Die oude formulering was het resultaat van drie eeuwen van debat onder de vroege christenen, die probeerden de aard van God te begrijpen. In die tijd was er een grote minderheid die de God-in-driepersoons visie verwierp, maar -- de meerderheid won in 325 na Christus, tijdens de Raad van Nicea.

De Nieuwe Christelijke leer is meer verwant aan sommige van de oude minderheidsstandpunten. Het beschouwt de Heilige Geest als een kracht, of een activiteit, die van God komt -- niet als een afzonderlijk wezen. Dit sluit aan bij ons dagelijks begrip van "geest" als de projectie van iemands persoonlijkheid. Het verklaart ook het feit dat de term "de Heilige Geest" niet voorkomt in het Oude Testament, die in plaats daarvan zinnen gebruikt als "de geest van God", "de geest van Jehova" en "de geest van de Heer", waar het idee van de geest nauw verbonden is met de persoon van God.

De Schriften beschrijven de Vader, de Zoon en de Heilige Geest als drie attributen van één persoon: de ziel, het lichaam en de geest van de ene God.
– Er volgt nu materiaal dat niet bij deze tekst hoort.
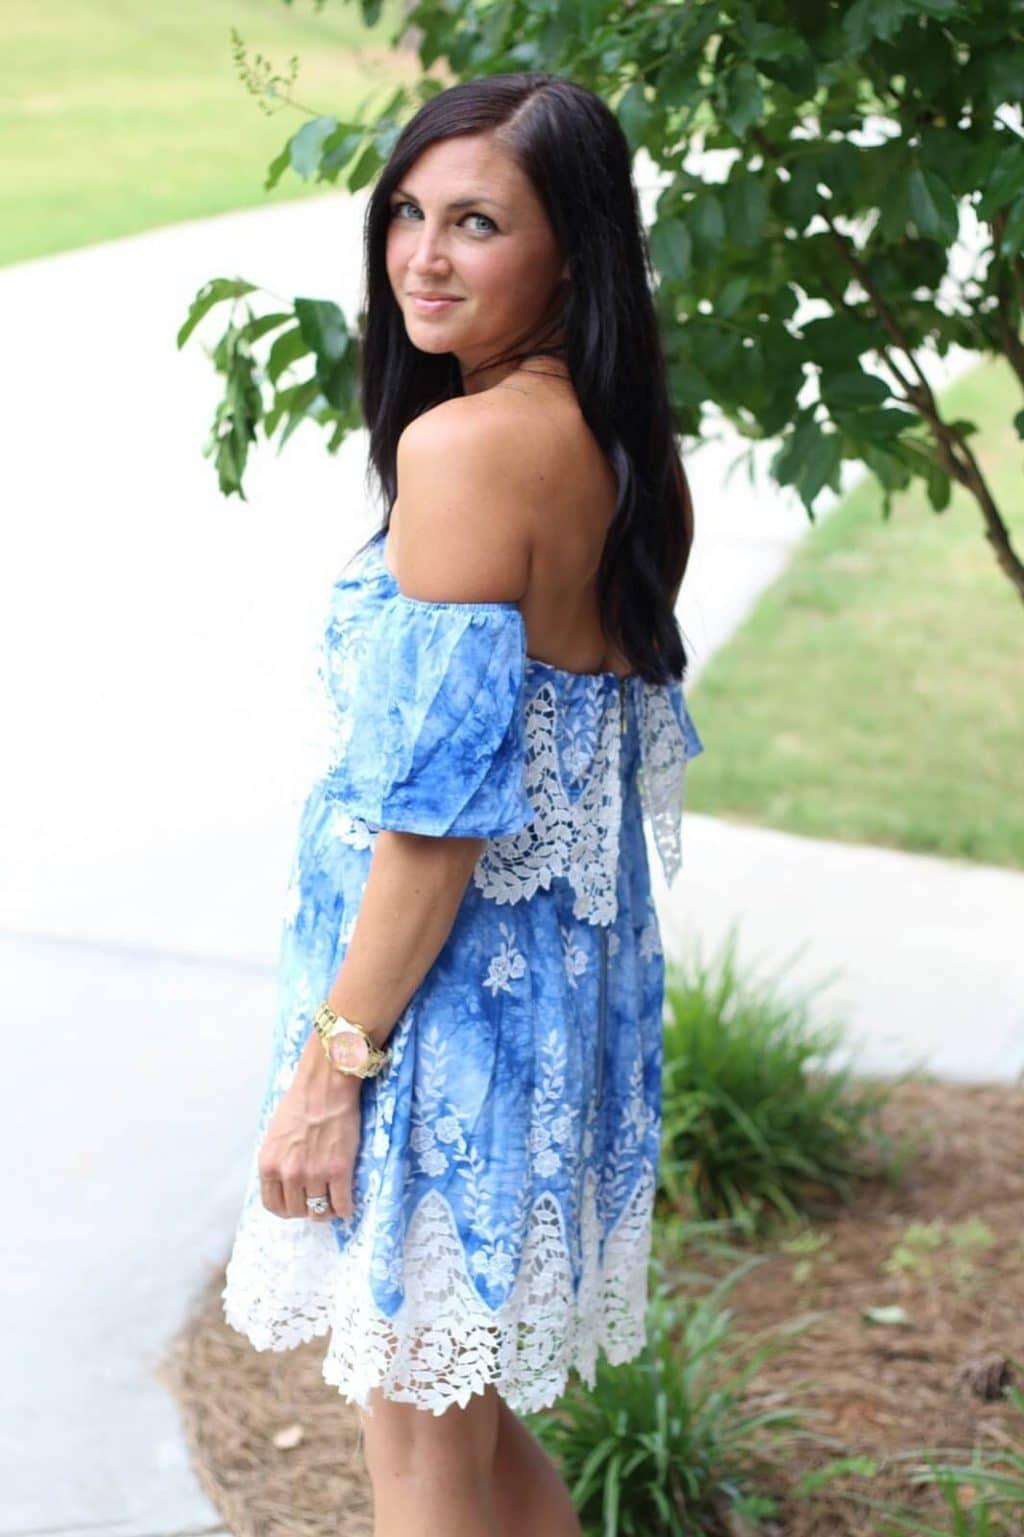 Blue Crochet off shoulder dress, Amazon Prime clothing

Ze zeggen ook dat de term "Heilige Geest" in het Nieuwe Testament naar voren komt omdat het verbonden is met de komst van de Heer in het fysieke lichaam van Jezus, en vanwege de manier waarop die komst de manier waarop we de waarheid van de Heer kunnen leren en goede mensen kunnen worden, heeft veranderd.
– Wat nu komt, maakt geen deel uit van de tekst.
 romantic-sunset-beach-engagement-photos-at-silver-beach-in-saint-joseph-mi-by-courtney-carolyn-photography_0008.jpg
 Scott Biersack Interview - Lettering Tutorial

Volgens de Schriften waren de kerken die voor de komst kwamen "representatief". De mensen in hen (in de beste van die kerken, hoe dan ook) wisten dat de Heer de wereld had geschapen en dat de wereld dus een beeld van de Heer was, en ze hadden het vermogen om naar die geschapen wereld te kijken en de geestelijke boodschappen ervan te begrijpen; ze konden naar de wereld kijken en de Heer begrijpen. En ze deden het zonder het te proberen en met grote diepgang, veel van de manier waarop we een boek kunnen lezen als wat we eigenlijk zien een stelletje zwarte kronkels op een wit vel papier is.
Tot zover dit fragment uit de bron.